The invention relates to a method for differentiating mesenchymal stem cells into bile duct cells. The method comprises the following steps: (1) differentiating human mesenchymal stem cells into endodermal stem cells (cell differentiation culture; and (2) carrying out maturation differentiation on the endodermal stem cells, so as to obtain the bile duct cell (cell maturation culture). According toa ''two-step differentiation method'' for inducing the differentiation of the mesenchymal stem cells under a specific culture condition, the human mesenchymal stem cells is successfully differentiated into the functional bile duct cells, the stem cells and other cells do not need to be subjected to co-culture or genetic recombination, and the induced differentiation is carried out only based on the specific culture condition. The bile duct cells are easily available, have no immunoreaction and tumorigenesis property, can be rapidly proliferated in vitro and are hopeful of being applied to clinical drug screening, manual biliary tract reconstruction and the like.

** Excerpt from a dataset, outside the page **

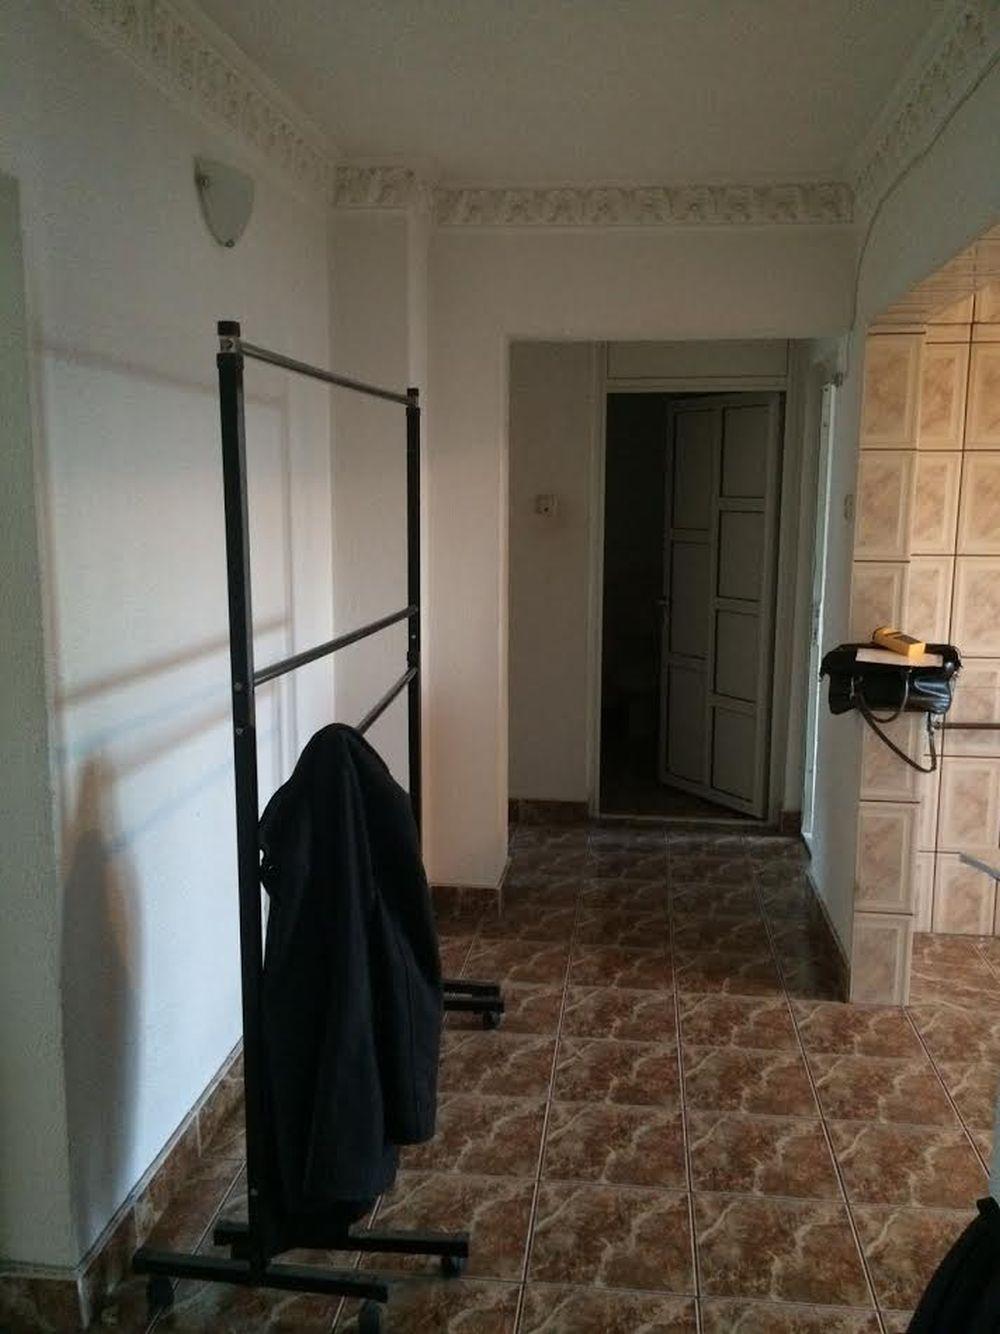 adelaparvu-com-despre-apartament-3-camere-bucuresti-reamenajat-poze-inainte-6
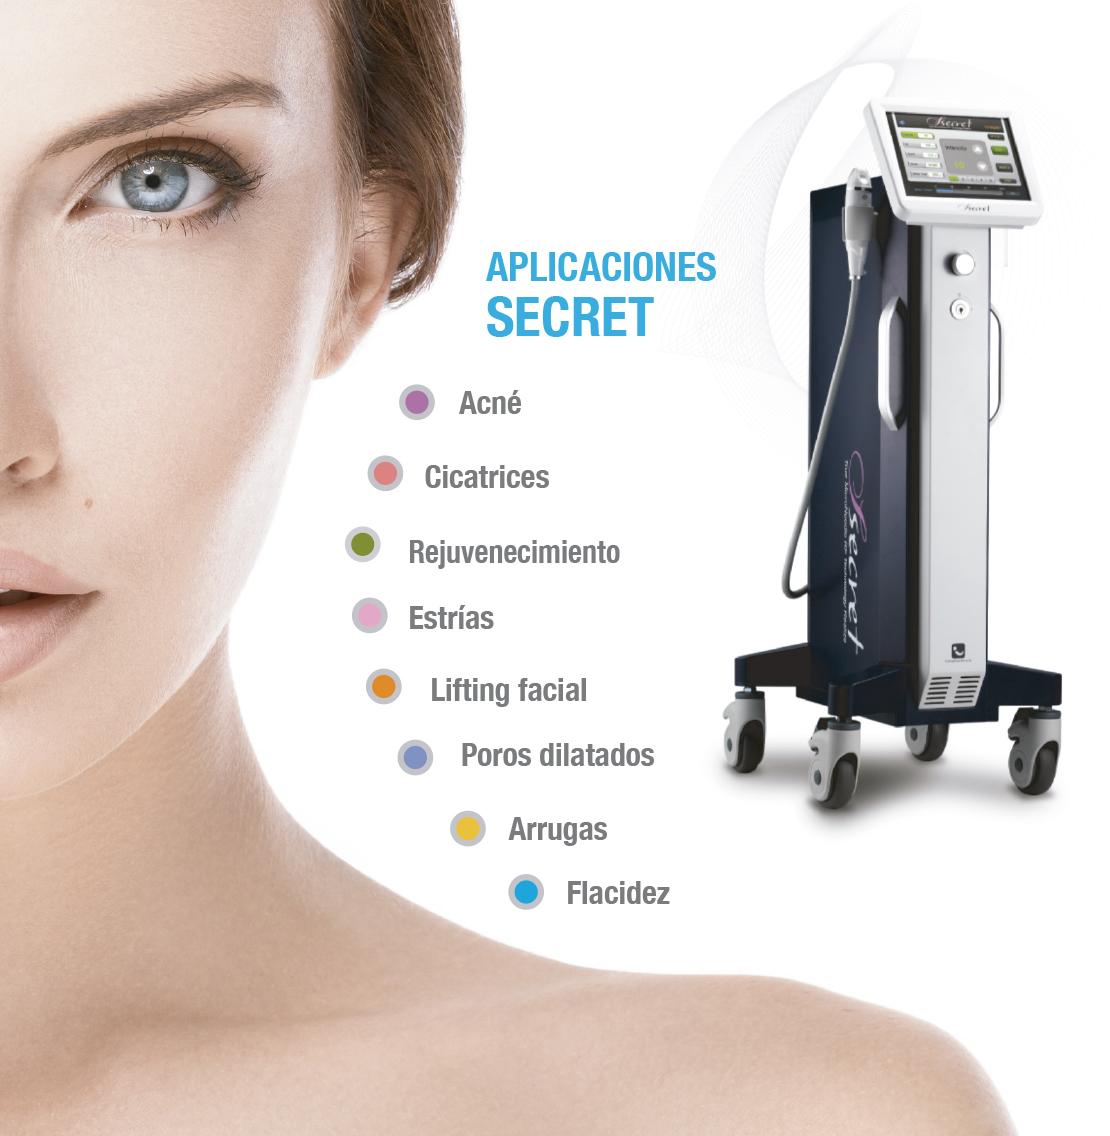 aplicaciones secret radiofrecuencia fraccionada microagujas punta de oro de belium medical FDA para acne, cicatrices, rejuvenecimiento, colágeno

The invention discloses application of caffeic acid derivatives to promotion of in-vitro proliferation of umbilical cord mesenchymal stem cells and preparation of a proliferation promoting culture medium. By experiments in the invention, the following result can be found that caffeic acid-4-2-hydroxyethyl morpholine ester can obviously promote in-vitro proliferation of hUCMSCs (human umbilical cord mesenchymal stem cells), has a dose-dependent effect and a time-dependent effect, and the hUCMSCs proliferated by the caffeic acid-4-2-hydroxyethyl morpholine ester are still kept having very high multi-directional differentiation capacity and cna be used as seed cells. Therefore, the caffeic acid-4-2-hydroxyethyl morpholine ester can be used for promoting in-vitro proliferation of the hUCMSCs and used for preparing a culture medium for promoting in-vitro proliferation of the hUCMSCs.